Given that during the holidays some of us may be in the middle or nearing then end of our first trimesters, do you have any plans to share the news with your families over the holidays? If so let's share them here!
(Still learning the new rules so I'm hoping making a post about this is OK).
Re: Let's share our ideas for telling family about baby over the holidays
I was thinking about having either a sign or ultrasound pic in the kids' Santa Claus pic - maybe a sign saying "Santa is bringing us a baby brother/sister in August 2018." Or wrapping something for the families - I am giving them framed professional pics of the boys as a Christmas gift, was thinking of adding something about #3 but still trying to figure it out.
All I know is I am not doing anything with a T-shirt on my kids - tried a "big brother" shirt on DS#1 to announce baby #2 and on DH's side no one noticed, on mine my mom thought it was just a hand-me-down from a cousin or something lol.
11/18/16 missed m/c 9w1
08/03/17 no hb 8w
Me: 37, MH: 38; Married August 2017
TTC #1 October 2017: BFP on 12/1/2017, DD born 7/24/2018 @ 37+1 after induction due to preeclampsia
TTC #2 January 2020: AMA, dx with DOR in May 2020
IVF July 2020: 16 eggs retrieved, 14 mature, 12 fertilized, 3 blasts, 2 PGT-A normal
FET 10/7/20: BFP on 10/12/20!!! (EDD 6/25/21); First beta 10/16/20 (9dpt): 148; Second beta 10/19/20 (12dpt): 621; Third beta 10/26/20 (19dpt): 4732; Fourth (and final!) beta 11/2/20 (26 dpt): 22,000+
We're planning to tell immediate family on Christmas and then the rest sometime in a February.
For #3 I'm not sure what to do. I might get shirts for them, or I might get a shirt, or even lamer I might just not announce this one.
Formerly known as Kate08young
August '18 Siggy April Showers:
Married: 7/22/14
Baby L: 8/4/2015 August 2015 Moms
Baby E: 11/18/2016 December 2016 Moms
TTC #3 08/2017 BFP 11/27/2017.
Twin B lost 11/22/2017, Twin A doing well.
If we can get a dating ultrasound done before Christmas, we'll either frame a pic or drop a ultrasound pic in a clear ornament and give it to both of our parents. We'll tell our siblings (who will mostly be there) and my grandmother and aunts on the phone that day too.
We plan on announcing to friends/social media in Feb when we go overseas. I'll be 15 weeks then.

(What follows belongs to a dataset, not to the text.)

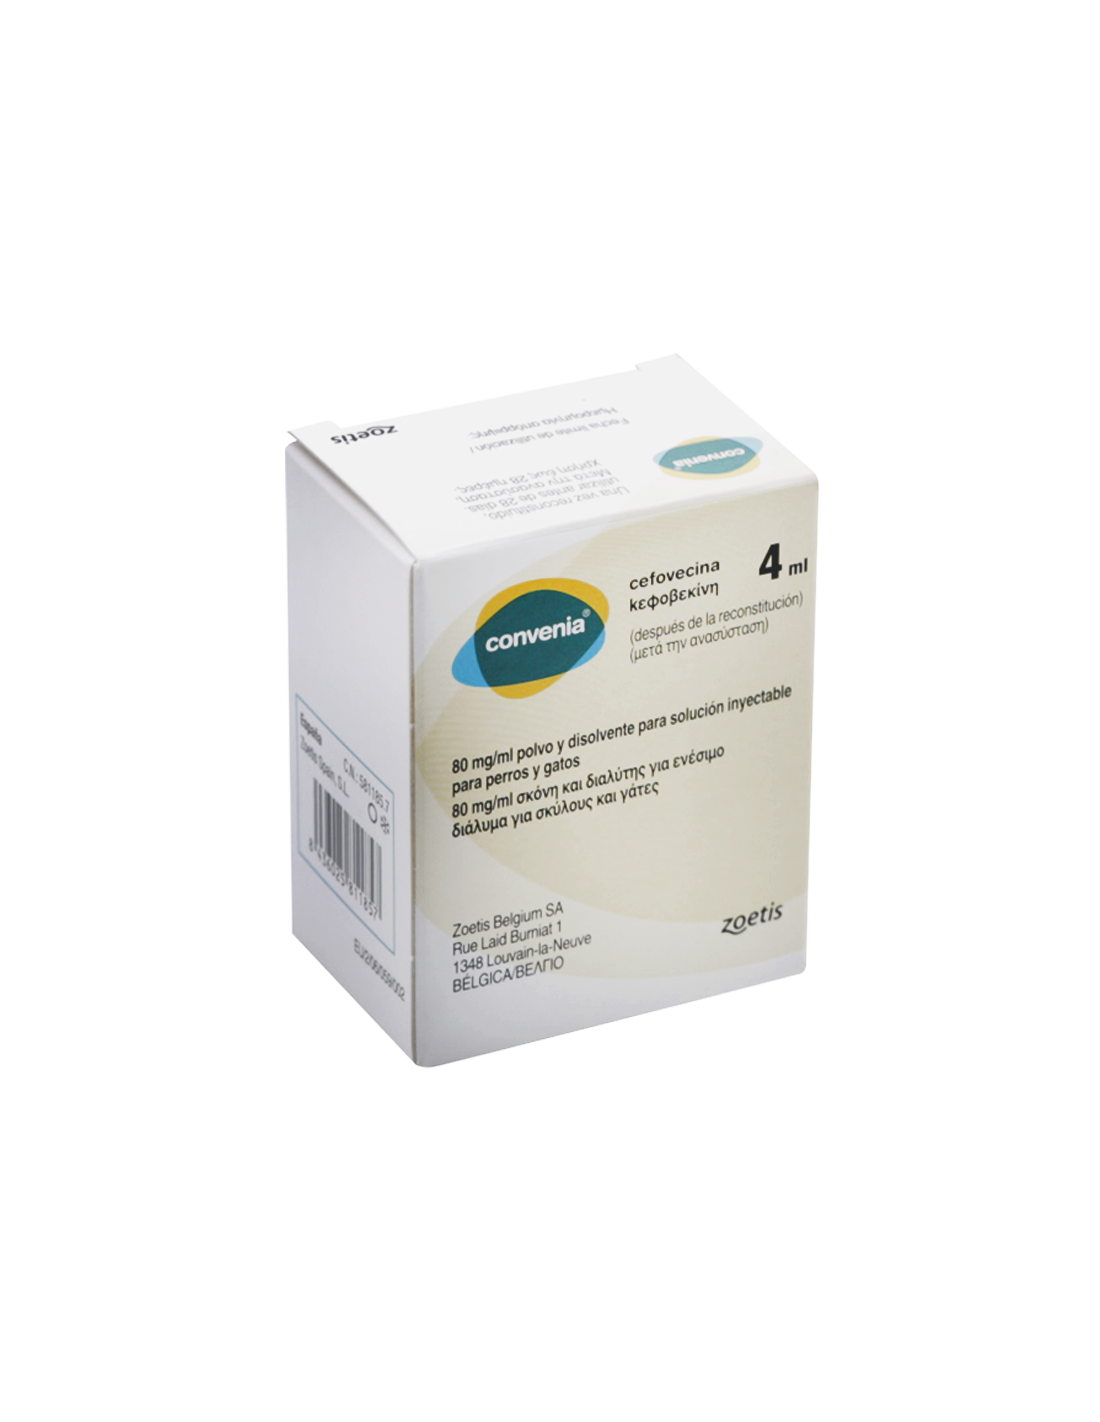 convenia-80-mg-ml-4-ml-de-zoetis

I love the ultrasound ornament idea
so cute! Where did you get it?
Personally I think I will tell family at Christmas even though it will be early. I think I’ll have DS open a “Big Brother” shirt as one of his last’s presents at my parent’s house. Then he can wear the shirt when we celebrate with DH’s family the following week. Then we’ll announce to the rest of the world sometime closer to the end of first Tri.
DH:45
DSD: 20
DSS: 18
Team green baby due: Aug 6th, 2018
Formerly known as Kate08young
August '18 Siggy April Showers:
Married: 7/22/14
Baby L: 8/4/2015 August 2015 Moms
Baby E: 11/18/2016 December 2016 Moms
TTC #3 08/2017 BFP 11/27/2017.
Twin B lost 11/22/2017, Twin A doing well.
DH:45
DSD: 20
DSS: 18
Team green baby due: Aug 6th, 2018
DS: Born 5-17-16
TW
I can tell you what my experience was. I had a MC in Nov last year. At Christmas my SIL told family that she was KU. She told her parents on Christmas Eve before DH and I arrived. Then she told DH separately. DH filled me in that night at our hotel. I would’ve preferred finding out the day AFTER Christmas instead, but the way she told everyone separately (rather than a big “SURPRISE”) was very thoughtful and sensitive to how I was feeling. I think she must’ve asked everyone to not make a big deal of it in front of me because NO ONE mentioned it on Christmas Day, much to my relief. As soon as we got home and I could process through my feelings I sent her a big bouquet of flowers. I know she must’ve been super excited to tell everyone, so for her to tone things down to be respectful of me still makes me tear up a little.
TW
don’t keep it from her. Tell her, privately and maybe first. Not the same exactly but my sister found out she is pregnant a week before me. She told me that morning right away and said ‘I hope you are ok. I understand if you feel upset or bummed.’ I was a little sad (I was convinced I wouldn’t be this month and this also fell practically ON my loss anniversary from last fall... and I’m only 4 months out from my last loss, so it felt like, hey you aren’t supposed to be pg i am. I honestly was happy for her though. I gave some ppl who trigger me but it’s usually ppl who’s kinda as are more similar (like another 3 boy mom who had a girl... got pg right after my loss and I cried when she had her baby). So... it might make her feel crapp for herself, and that has nothing to do with you just the unfairness I’d loss.or she might feel bummed but happy for you.